The number of BISP beneficiaries declined by 820,165 after the re-verification of the beneficiaries exercise, completed in December 2019, revealed they were not eligible to receive the funds, which would save BISP around 16.4 billion rupees. However the raise of 500 rupees per remaining beneficiaries per quarter (estimated at 3,479,935 assuming there have been no additions to the number of beneficiaries) implies an additional 19 billion rupees or a total of 76 billion rupees for the year. This leaves only 44 billion rupees for Waseela-i-Haq, Waseela-i-Rozgar, Waseela-i-Sehat, Waseela-i-Taleem (good programmes all) - an appallingly low amount raising the possibility of inadequate allocations to achieve the salutary objective of reducing the numbers below the poverty line.
What one can unambiguously support is the Prime Minister's langar khanas, safe houses and soup kitchens in one, for the poor, the vulnerable and the homeless.
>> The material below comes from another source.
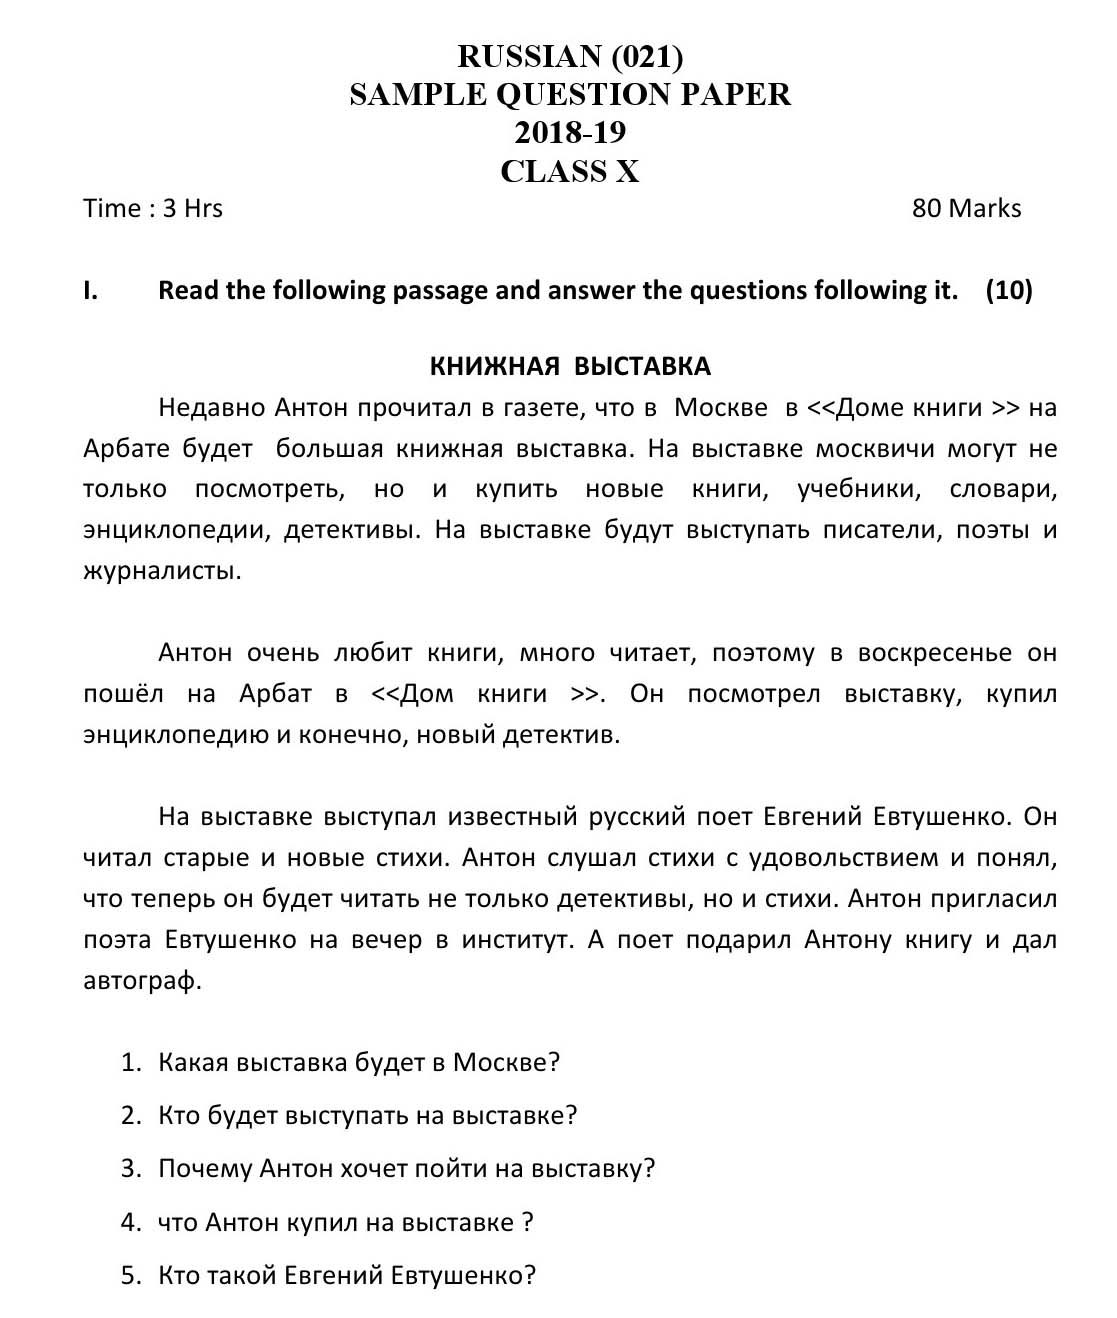 Russian CBSE Class X Sample Question Paper 2018-19 - Image 1
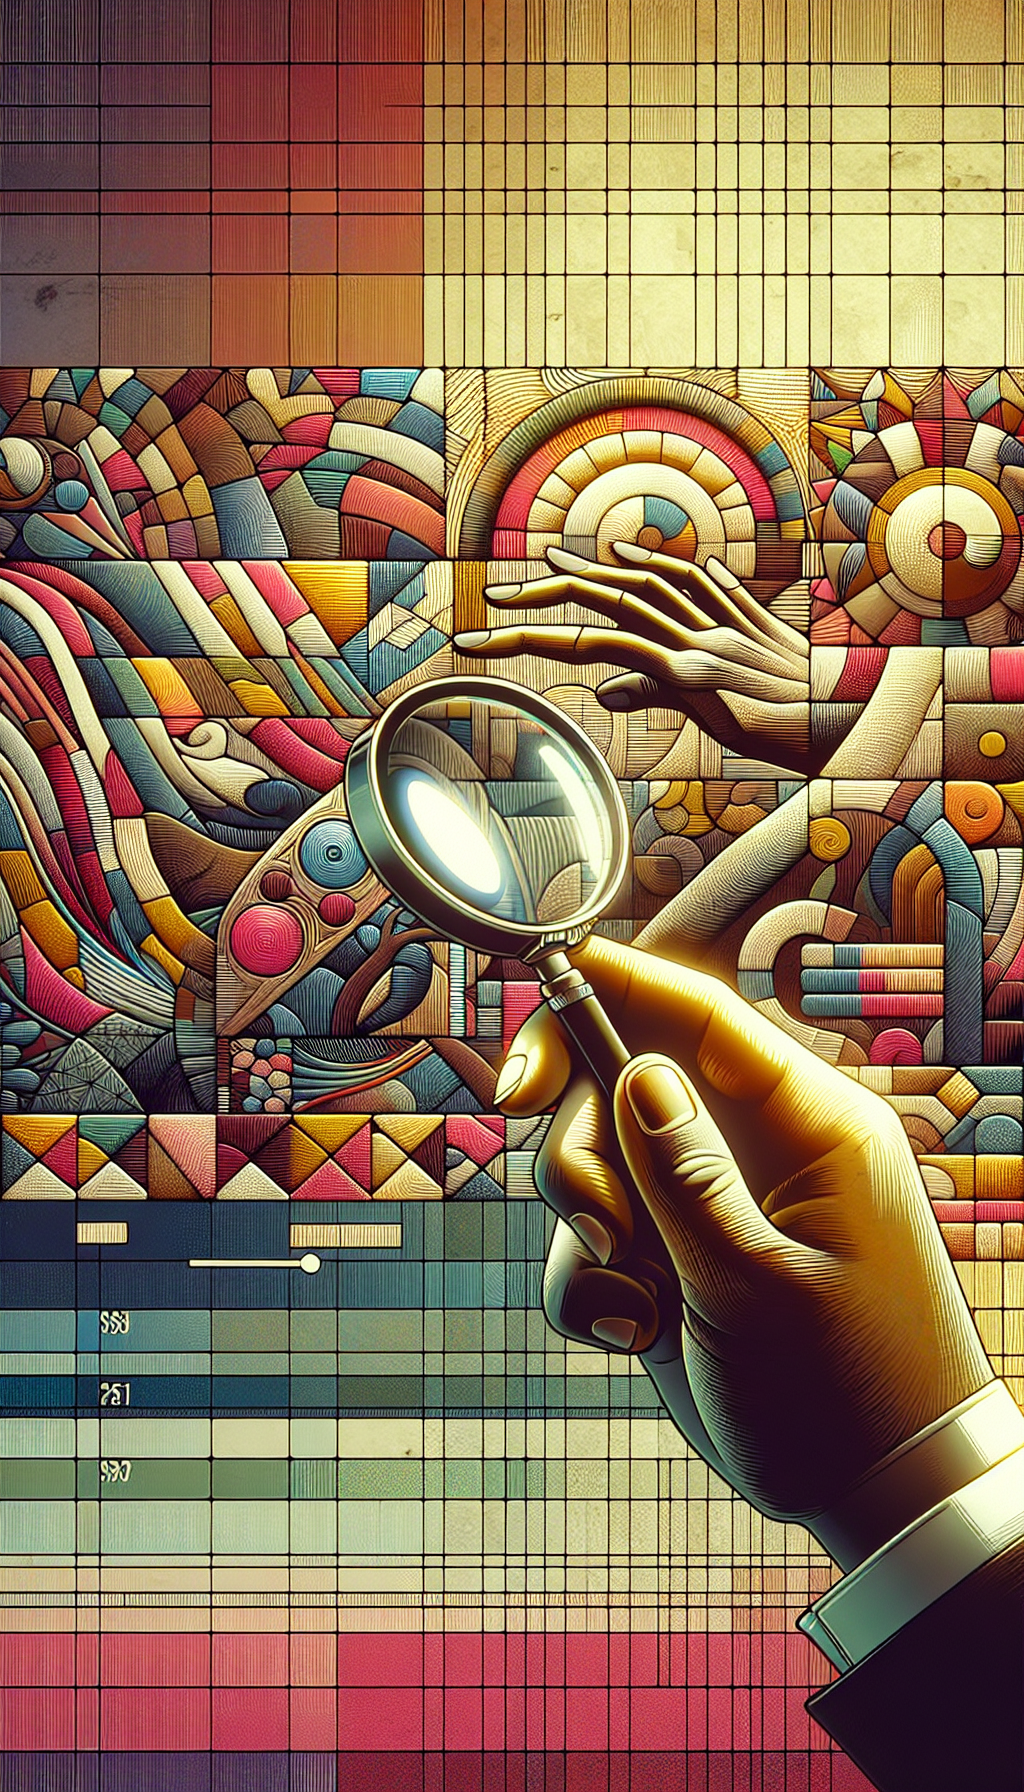 An illustration of a collector's hand gracefully holding a magnifying glass over a mosaic of vibrant Charles Bibbs' artworks, spotlighting certain elements like authenticity marks and signatures. Around the edges, a subtle gradient of increasing dollar values emphasizes the appreciating investment, while the bold, fluid lines typical of Bibbs’ style frame the composition, symbolizing both confidence and the essence of his art value.

Reports in the electronic media have shown the Prime Minister visiting these langar khanas as well as positive views expressed by the beneficiaries, including labourers; however, there is no independent assessment of exactly how many are currently operating, and who are the main beneficiaries (transient labour or the homeless, and the number of men/women/children). Official sources indicate more than 150 Ehsaas langar distributors provide meals to almost more than 80,000 to 90,000 people a day. Prime Minister Imran Khan has consistently stated that Pakistanis are the most generous people in the world in giving to charity, and pre-langar khanas' launch, free food in huge cauldrons was visibly being distributed in mazaars (shrines) as well as in designated areas of several cities. In this context his decision to set up safe houses was a good one as charities have taken over providing food for those in the langar khanas.
However, it is recommended that Imran Khan re-launches one extremely good policy that was successfully implemented by Chaudhry Pervez Elahi in 2004 when he was Chief Minister Punjab. A rehabilitation and training programme for beggar and disabled children was established under Dr Faiza Asghar, Advisor to the then Chief Minister. A dedicated phone line, open to the general public, to refer a child beggar at a specific location was set up; officials would be promptly dispatched to bring the child to the centre who would be given the option to leave with his parents/guardians if he so desired, though the option was available only once, or else to stay in the centre to be trained/educated. Sadly, Shahbaz Sharif disbanded the programme simply because it was the brainchild of his nemesis, a rather immature approach to a good strategy. One hopes that Imran Khan re-launches this programme.
To conclude, the Ehsaas programme is a well thought-out desirable programme (more detailed than Ahsan Iqbal's Vision 2025 though the objectives are hauntingly similar) with implementation weaknesses mainly sourced to lack of funding as well as the continuing tendency of the administration to minimize previous administrations' social protection programmes. That needs to change because such an approach minimizes valuable lessons learned.